Dans l’analyse de l’impact social, culturel et environnemental, les organisations autochtones auraient dû être consultées puisqu’elles seraient en droit de négocier les conditions de passage du rallye, en vertu de différentes conventions internationales ratifiées par l’Etat argentin et de la législation nationale et provinciale. Dans l’esprit de certains, cet «oubli» des autochtones rappelle le triste temps de la conquête de la Patagonie par les armées argentines qui tuèrent et déportèrent des milliers d’Indiens, conduisant ainsi au démantèlement profond de leur société florissante. Or, les guerres qui ont mené à l’incorporation violente d’une partie de la Pampa et de la Patagonie à l’Etat argentin entre 1875 et 1885 sont connues sous le nom de «Conquête du Désert». En réalité, seules certaines zones des territoires auxquels ce terme fait référence avaient à pâtir de la sécheresse (les fameuses travesías). Mais l’idée de «désert» s’appliquait à ce moment-là aussi bien aux zones arides qu’aux forêts tropicales, puisqu’elle faisait référence aux espaces vides de toute «civilisation occidentale». La référence à l’absence de population, ne concernait bien évidemment que la population blanche «civilisée». Aujourd’hui encore, il semble que seules les populations descendantes des anciens immigrants aient été consultées dans l’organisation du rallye.

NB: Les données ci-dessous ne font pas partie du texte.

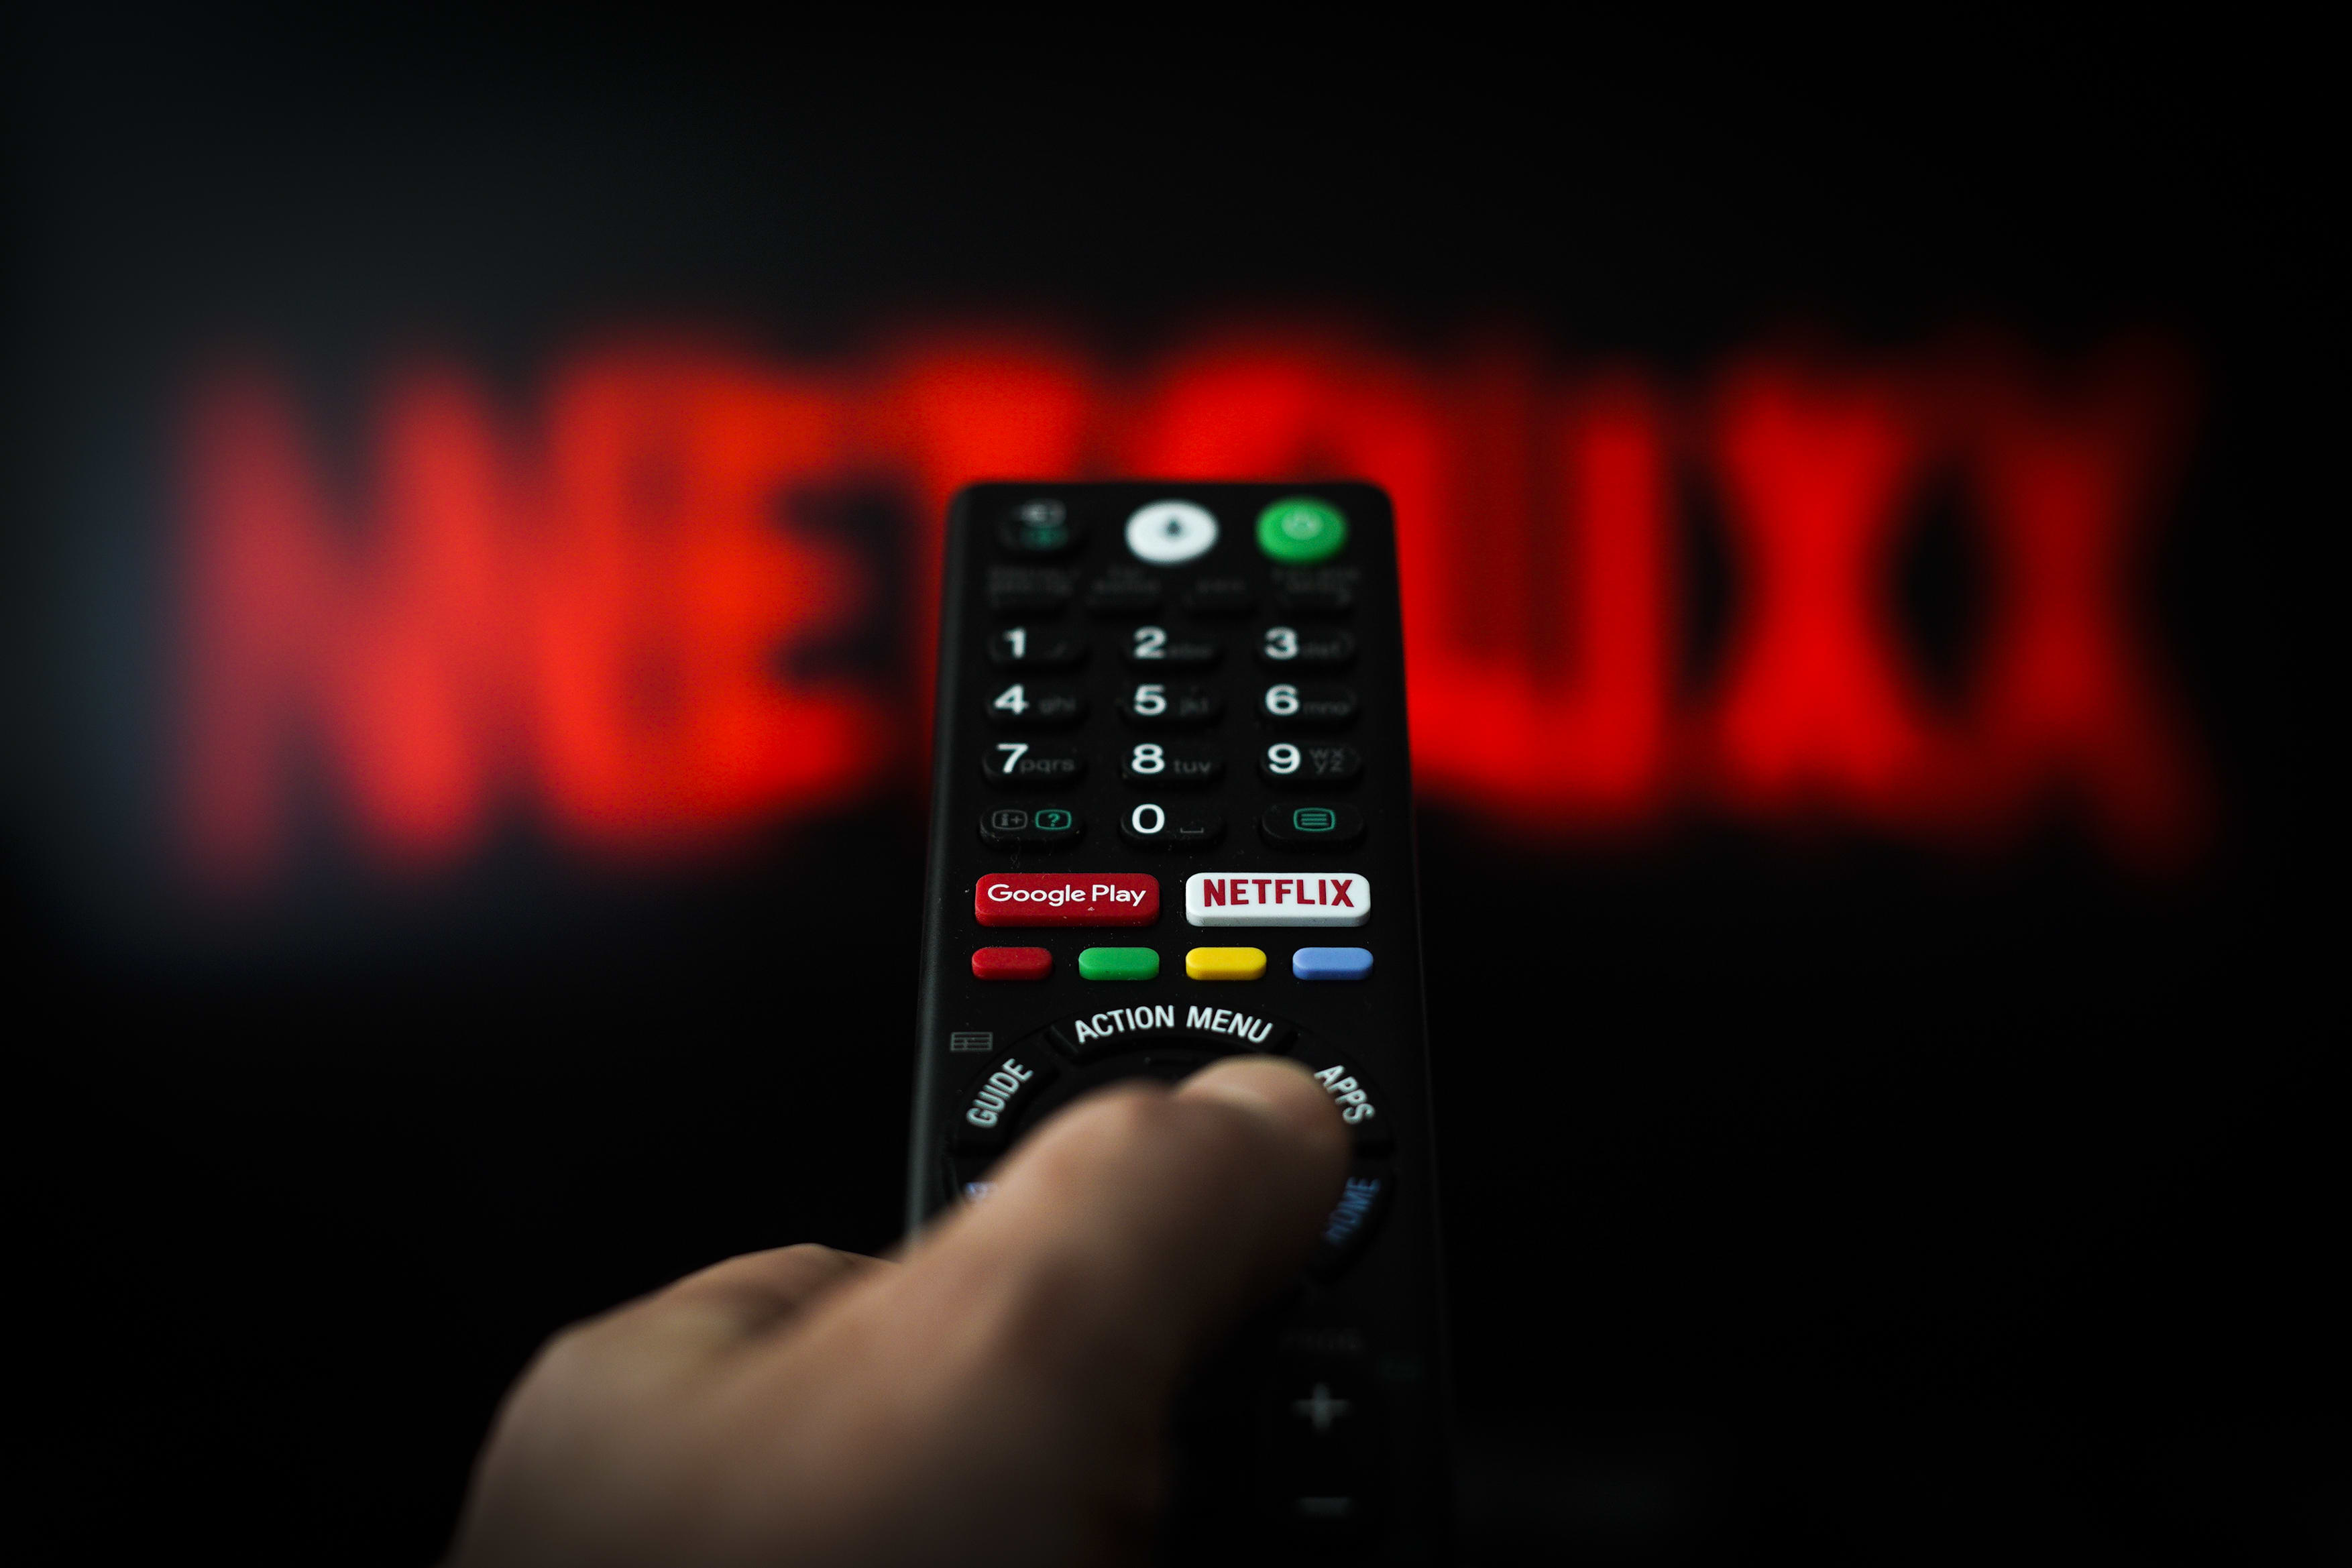 Netflix eager to restart production, has enough new content for 2020

Il faut se demander comment les petits éleveurs, qui survivent péniblement dans cet environnement hostile où ils ont cependant réussi à établir un équilibre précaire avec une nature encore relativement préservée (de nombreuses zones touchées par le rallye sont classées en zones naturelles protégées), réagiront au passage des concurrents. Plus préoccupantes encore seront les conséquences de l’après-rallye dans des régions où les habitats dispersés se trouvent bien souvent sur des tierras fiscales, des terres publiques. Les droits d’occupation attribués par les autorités prévoient que les habitants de ces terres peuvent les exploiter mais, comme ils n’en sont pas propriétaires, ils ne pourront pas bénéficier de dédommagements si elles sont affectées par le passage du rallye.

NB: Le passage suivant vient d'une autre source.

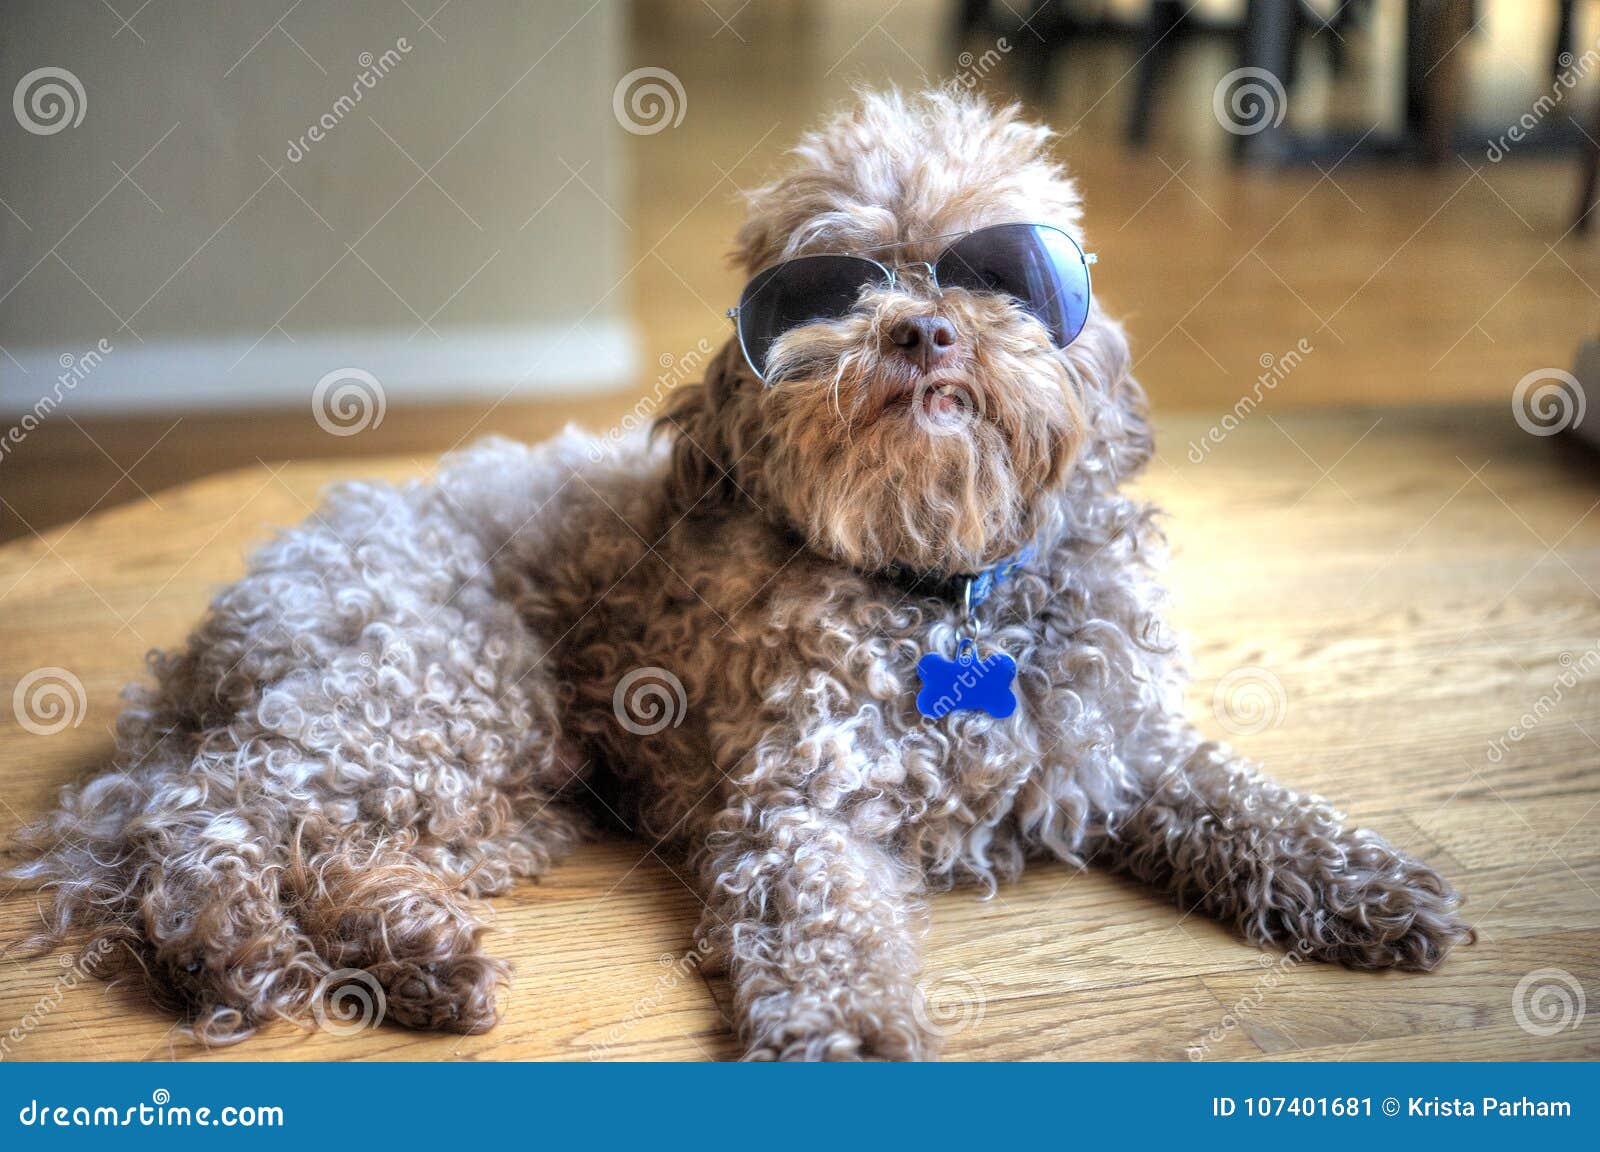 dog laying down sporting sunglasses

Dans la ville de Neuquén, la population semble plutôt contente de voir arriver une course internationale. «Nous sommes très contents que des gens viennent du monde entier pour connaître notre pays», disait une personne interrogée par la télévision à Buenos Aires. Les différences de point de vue autour du rallye me rappellent la typologie des populations de Patagonie par un ami argentin. Il considère la classe moyenne, issue dans sa grande majorité de vagues d’immigrants en provenance d’autres provinces plus septentrionales de l’Argentine, comme porteuse d’une «identité prostituée». Ces personnes sont arrivées en Patagonie durant la deuxième moitié du XXe siècle pour y occuper les positions supérieures dans l’administration, l’industrie et les services. Patagon convaincu, mon ami évoque une certaine lassitude à les écouter rêver de Buenos Aires, la grande ville, ainsi que d’impossibles voyages vers l’Europe. Une Europe mythifiée où ils projettent leurs racines: ils sont des descendants d’Européens et ne l’oublient pas! Ils seraient capables de prostituer leur âme pour partir, sortir, fuir la Patagonie, explique mon ami. Alors le Dakar, pour eux, c’est le pied! C’est l’Europe, le monde, devant leur porte, chez eux. Ils iront admirer les véhicules, regarder les étrangers - des vrais - tout en s’essayant à quelques mots d’anglais, de français ou d’allemand. Les autres, les Patagons, les vrais, se divisent, toujours selon mon ami, entre des ouvriers ou exploitants agricoles fiers de leurs origines tant argentines que patagones et des autochtones, les Indiens mapuche. La frange rurale de ces deux catégories sera vraisemblablement celle qui payera le plus fort tribut au Dakar. Il ne reste qu’à enfermer les troupeaux en attendant que ne retombent les volutes de terres soulevées par les bolides.